IN terms of both geography and ethnic background, America's young chess stars present as varied and diverse a mix as one can imagine. Many were born in Eastern Europe or have family origins in the Soviet Union or other countries where chess is a national pastime.
Ilya Gurevich, 17, who emigrated to the US with his family from Kiev when he was 8, has dominated his age group since 1983 and has been a force in adult chess as well for several years now. Alex Sidelnikov, a more recent emigr'e from the USSR, is the top-rated 13-year-old. Morgan Pehme, 10, who burst upon the scene as a kindergartner five years ago, is a native New Yorker with family roots in Estonia. And Susan Urminska of Hawaii, the top-rated girl under 12, is of Czech descent.
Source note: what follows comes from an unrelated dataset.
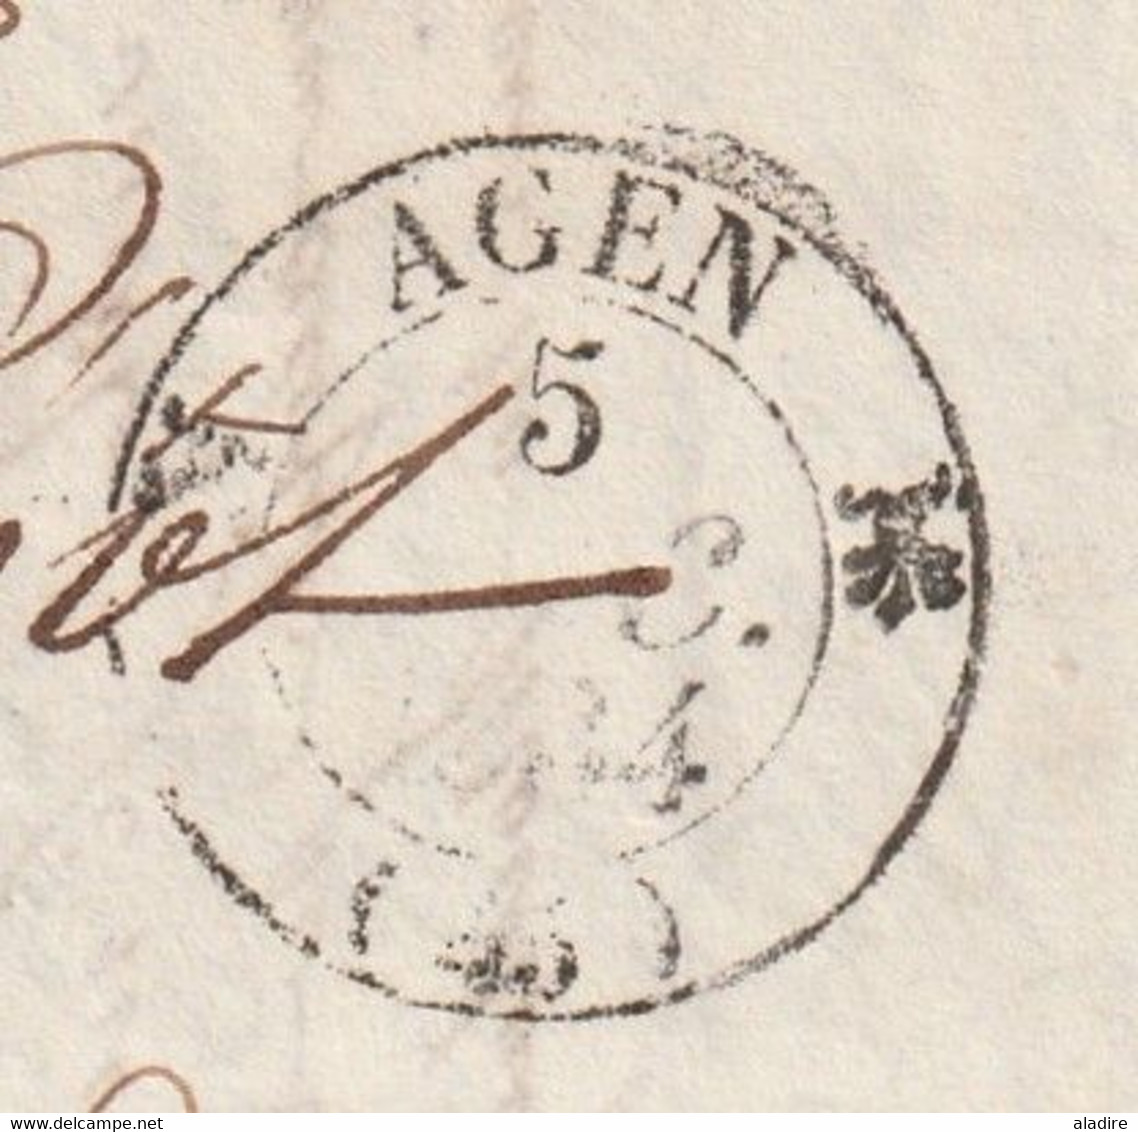 AGEN - Lot Et Garonne, Marcophilie - 3 Cachets à Date: 1834, 1835 Et 1839 - 2 Lettres Et 1 Enveloppe Pliées - 1801-1848: Vorläufer XIX

Children of Asian extraction are also prominent, including John Viloria, 10, of Yonkers, NY, whose parents emigrated from the Philippines in the '70s; ex-national primary and elementary champion Alex Chang, whose family is from Taiwan; and former national primary winner Oliver Tai, whose parents are from Hong Kong.
K.K. Karanja, another double national winner as a youngster and now the top-rated 15-year-old, has family roots in Kenya. And there are many other outstanding youngsters whose families have lived in the US for longer periods. There's 1986 national primary champion Joshua Waitzkin of New York, subject of a fascinating recent book, ``Searching for Bobby Fischer,'' in which his father, Fred, looks at the life of a prodigy and his family. There's Dean Ippolito, of Richfield Park, N.J., who ranks second only to Viloria among 10-year-olds, and who defeated older players to win the under-13 US Junior Open title last summer. Also ex-national elementary champion Bobby Seltzer of West Roxbury, Mass., and Erez Klein of New York, two of the top-rated 13-year-olds; David Peterson of Texas, the highest rated 8-year-old; Jessica Ambats, 15, of New York and Yvonne Krawiec, 13, of California, the best girls in their age categories. The list goes on and on.